WEI is crap and useless, also hybrid drives get faster over time as they learn what files to cache to the SSD, it's also worth noting that whilst the hybrid HDD's are notably faster than a standard HDD, Windows won't rate any mechanical HDD over a 5.9 and I assume this is the case with hybrid HDD's as well.


----------



## RCoon (Jul 4, 2013)

Hybrid drives act like a normal HDD in terms of Cache.
It recognises the things you use most, stores them in the SSD cache area for better speeds. Anything that isnt used regularly (the tools used for WEI) are stored on the HDD part.


----------



## de.das.dude (Jul 4, 2013)

i think..l if you run the WEI a couple of times frequently, it will increase. only the most used stuff gets stored in the SSD part as RCoon pointed out.


----------



## d1nky (Jul 4, 2013)

thanks!

tbh i did think it would have changed the score due to the better read/writes etc, but there ya go windows....

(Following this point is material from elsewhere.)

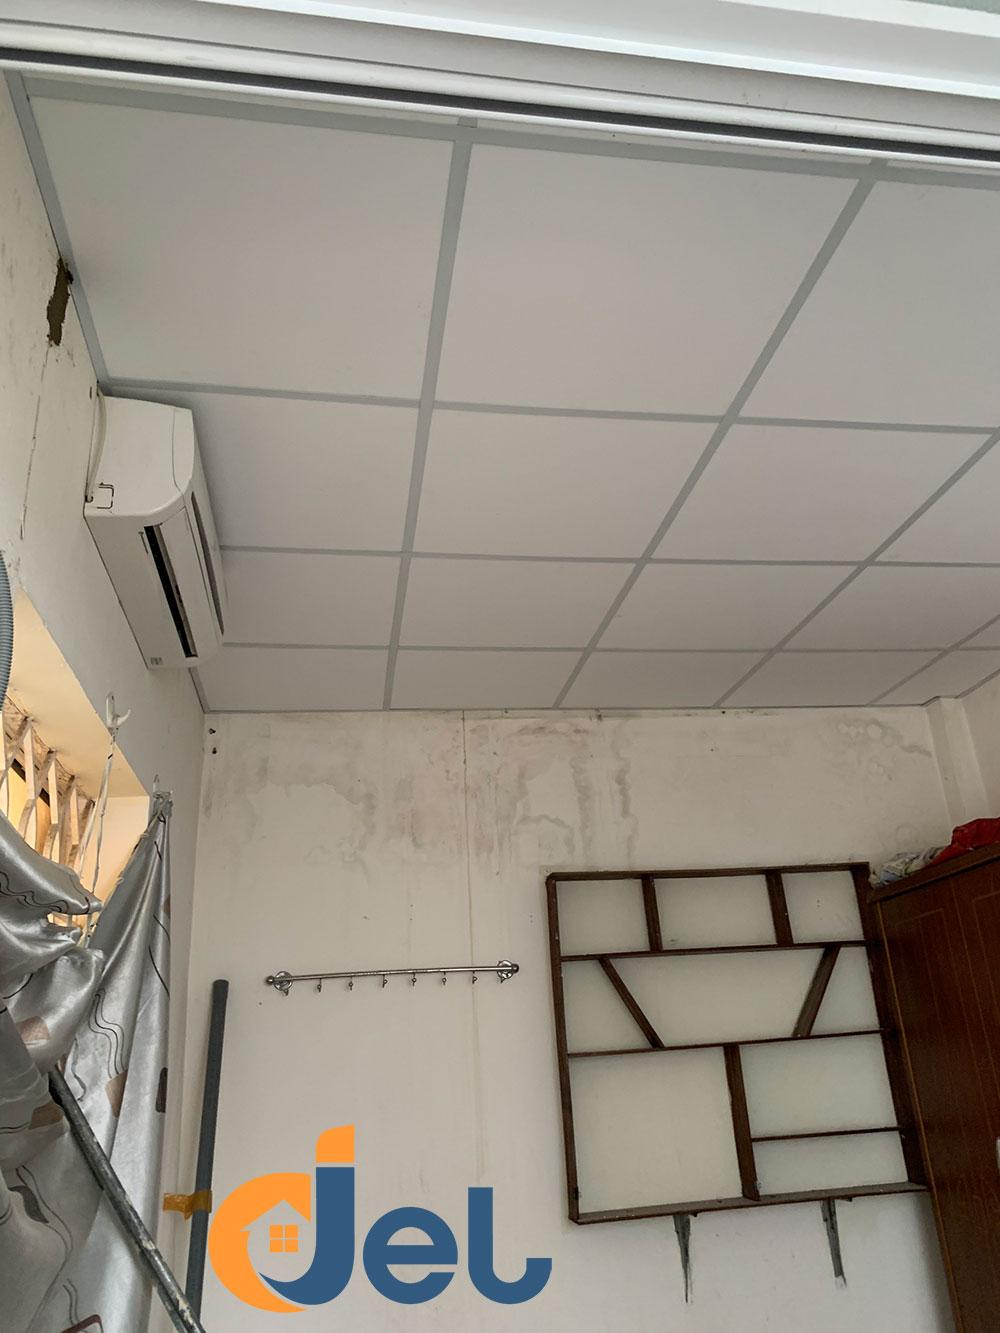 Tầng 2 sau khi cải tạo sửa chựa
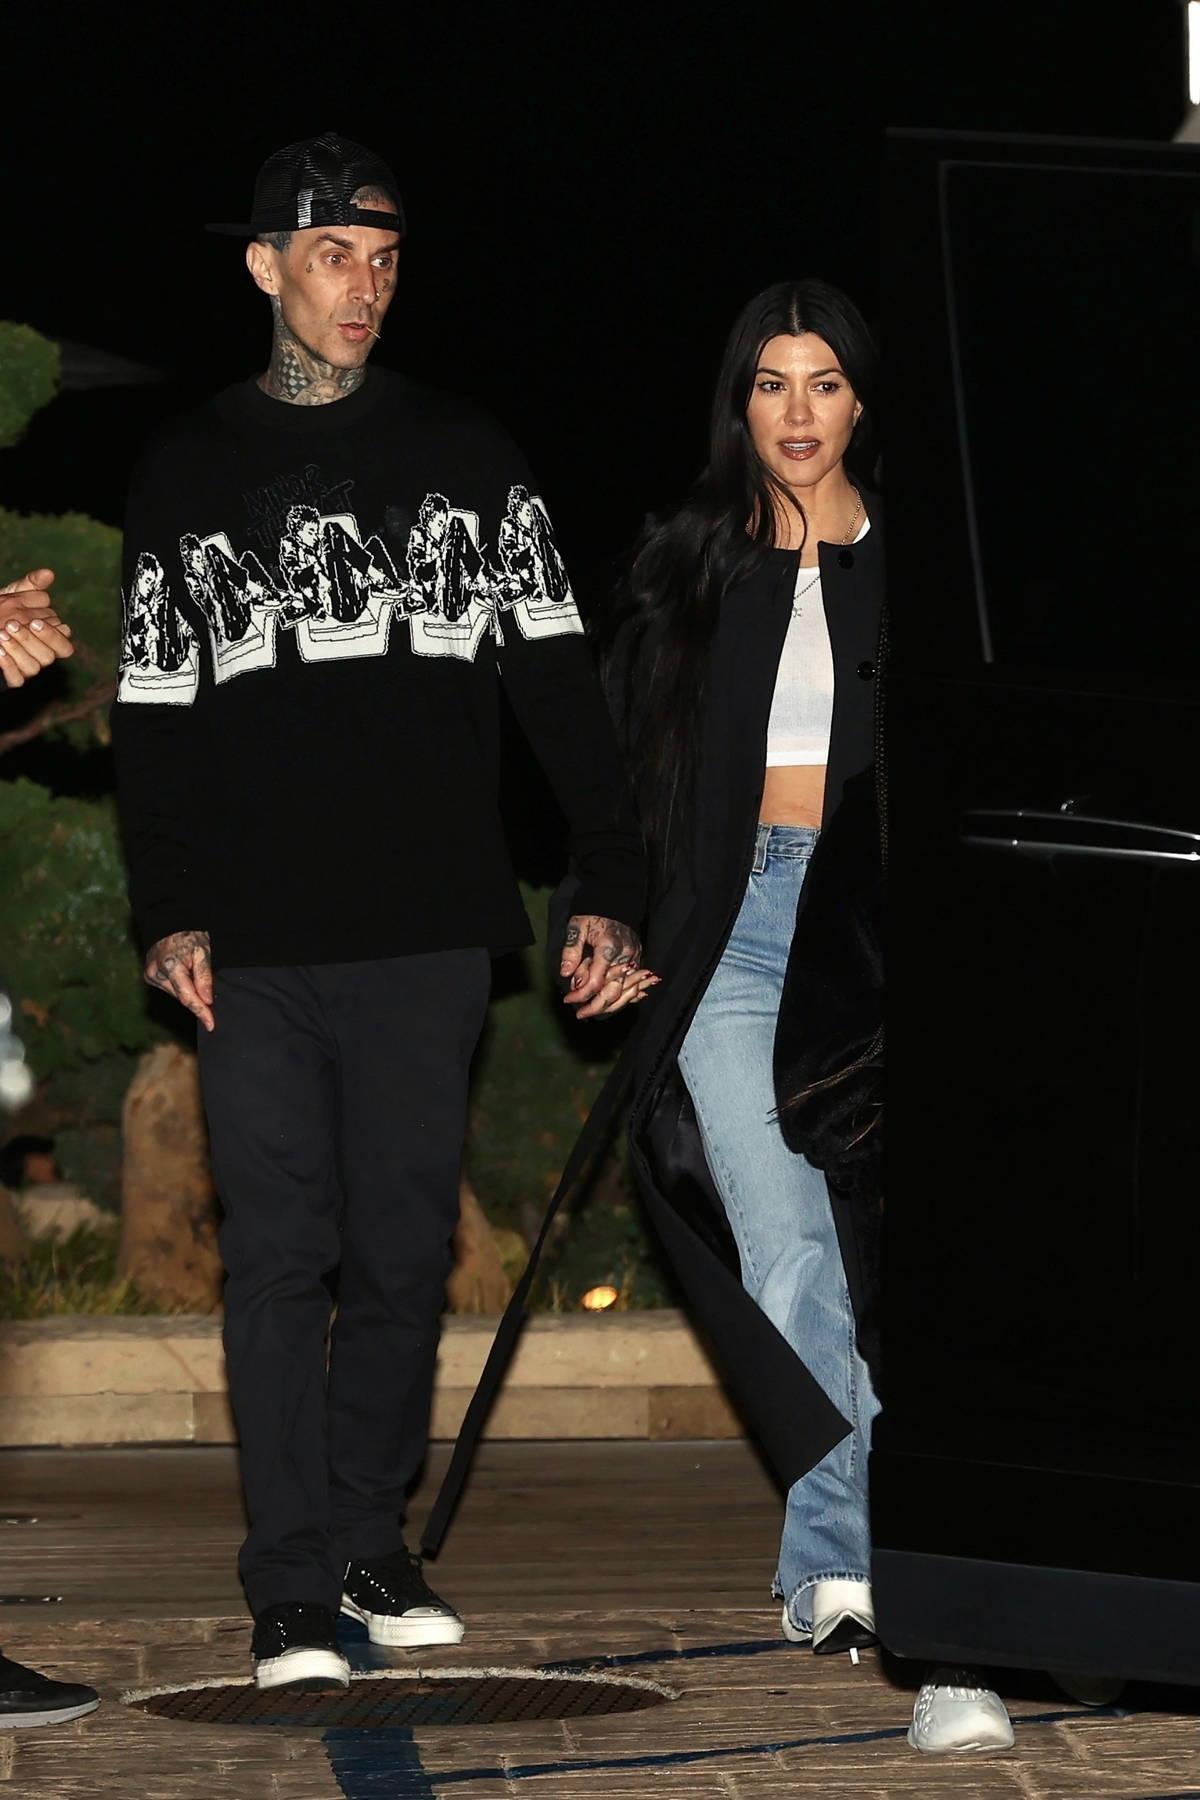 Kourtney Kardashian and Travis Barker bring Kourtney's daughter Penelope and Kim's daughter North to dinner in Malibu, California

hes oldschool, thinks WEI is the best benchmark, hasnt updated bios because its like dark magic ''no! dont mess with bios'', thinks a windows media player screen saver is a stress test LOL


----------



## NdMk2o1o (Jul 4, 2013)

d1nky said:


> thinks a windows media player screen saver is a stress test LOL



Give him this from me


----------



## AlienIsGOD (Jul 4, 2013)

d1nky said:


> thanks!
> 
> tbh i did think it would have changed the score due to the better read/writes etc, but there ya go windows....
> 
> hes oldschool, thinks WEI is the best benchmark, hasnt updated bios because its like dark magic ''no! dont mess with bios'', thinks a windows media player screen saver is a stress test LOL



sit him down in front of some videos man! show him he's not thinking proper in this day and age


----------



## de.das.dude (Jul 4, 2013)

he is talking about his dad. i doubt d1nky has that much patience XD

i say just do it when hes not looking XD


----------



## d1nky (Jul 4, 2013)

hahaha he is an oldschool thinker.

even said to put blackcurrant in my water loop to give it colour......

LOL bless him!


----------



## de.das.dude (Jul 4, 2013)

hmm black currant. i like them.


----------



## newtekie1 (Jul 4, 2013)

IIRC, Windows will only give a score higher than 5.9 if the transfer rate has to be >200MB/s and the latency has to be under 1ms, basically guaranteeing no hard drive will get higher than a 5.9.


----------



## 20mmrain (Jul 4, 2013)

d1nky said:


> so my old man has just upgraded/sidegraded to a hybrid drive from sammy 7200rpm HDD
> 
> his mobo 6gbs/sata3/ 880g extreme3 (lol)
> 
> ...



Test the drive with Crystaldisk

http://crystalmark.info/software/CrystalDiskInfo/index-e.html

This program will give you a more accurate result than your WEI score. My Two SSD's in RAID 0 don't even scores like they should in WEI. (And I am getting some major read and write times) So I am not surprised you are experiencing something similar.


----------



## d1nky (Jul 4, 2013)

LOL he wouldnt even let me install a hardware monitor to check temps when it kept crashing!


----------



## Tatty_One (Jul 4, 2013)

How old is your Dad?


----------